Groma icon indicating copy to clipboard operation
Groma copied to clipboard

Using Groma to generate region descriptions

Open Marloweeee opened this issue 1 year ago • 1 comments

Thanks for your great work! I also want to learn more details about using groma.eval.run_groma to generate region description. As you mentioned in #20 ,For user prompt, you can follow this format:

Please briefly describe <roi><refer_box></roi> <refer_feat>.

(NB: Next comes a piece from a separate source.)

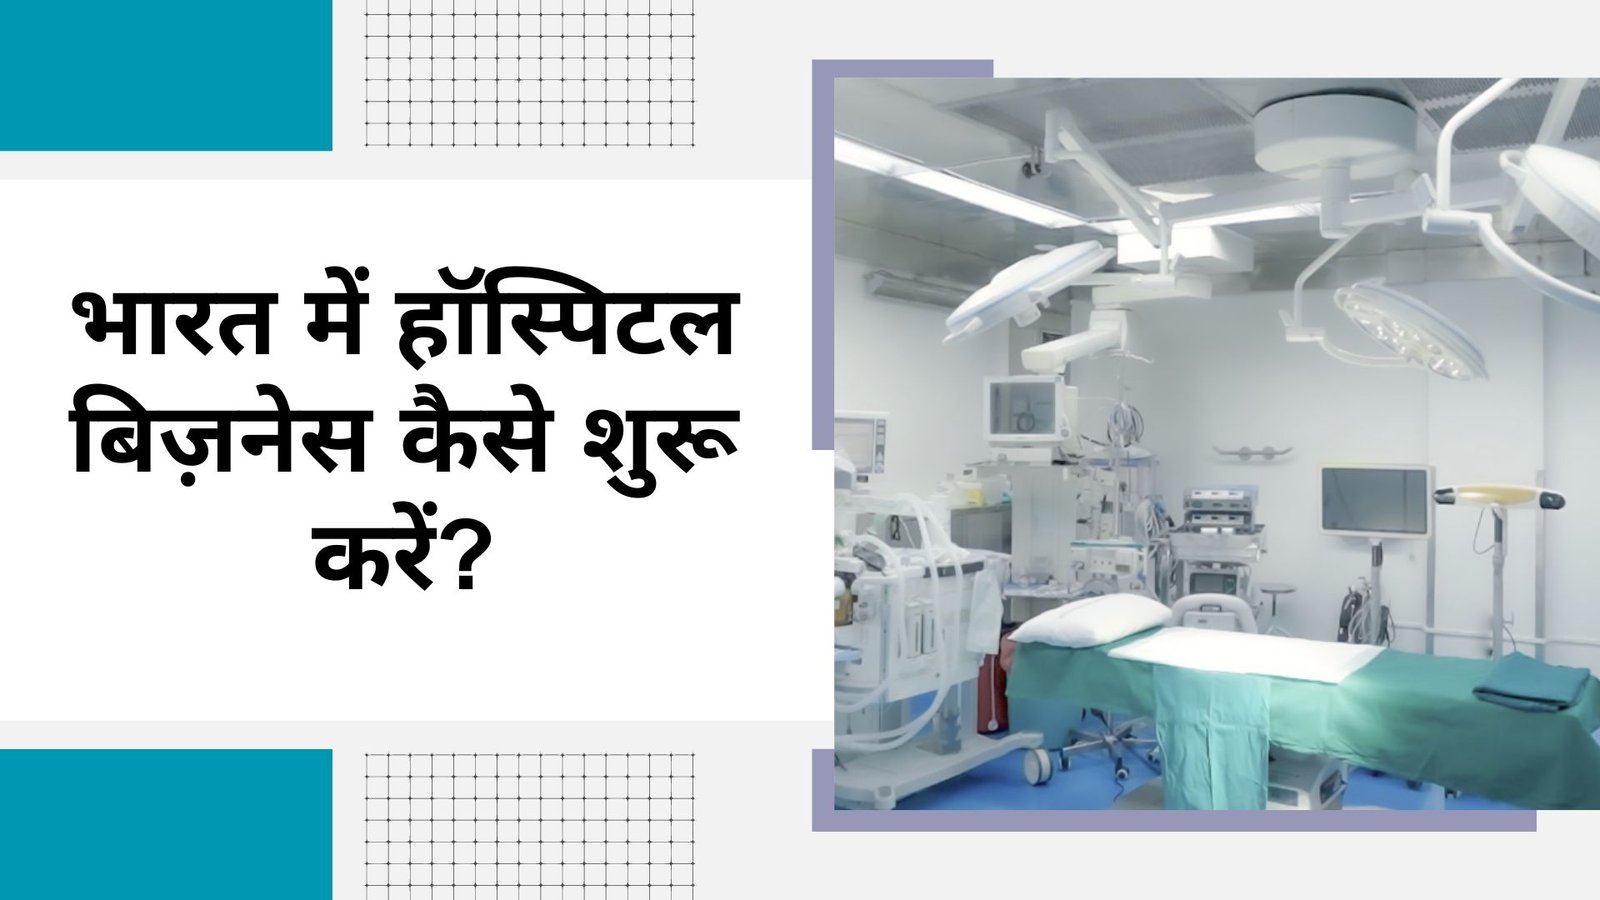 भारत में हॉस्पिटल बिज़नेस कैसे शुरू करें?

Does <refer_box> represent the normalized coordinates of bbox, such as [0.2752, 0.3756, 0.4713, 0.7727]? And what does <refer_feat> mean? Based on the above speculation (only using the normalized coordinates to replace the placeholder <refer_box> and omitting <refer_feat>), I use the following prompt query for region description generation to generate the expression of Trump:

r60

'Please briefly describe <roi> [0.2752, 0.3756, 0.4713, 0.7727] </roi>.'

but each time additional region positioning is obtained, and each description is based on this region positioning:

tensor([[ 3.2769e-04, -7.0846e-04, 3.3295e-01, 9.9904e-01]]) <roi> <r54> </roi> meets with a man in a suit</s>

This phenomenon occurs only when the region description is generated, and when I exploit the location instruction, the correct location region can be returned:

query: 'Locate <p> a person with a tie </p> in the image'

output:tensor([[0.2751, 0.3756, 0.4713, 0.7727]]) <roi> <r21> </roi> </s>

I am very confused about these questions. Thank you very much for your answers

Marloweeee avatar Sep 27 '24 02:09 Marloweeee

Thanks for your interest in our work. For referring queries, you do not need to replace <refer_box> or <refer_feat> with other texts. Actually, they are special placeholders (as defined in groma/constants.py) that will be automatically handled by the model. You should directly set box coordinates here.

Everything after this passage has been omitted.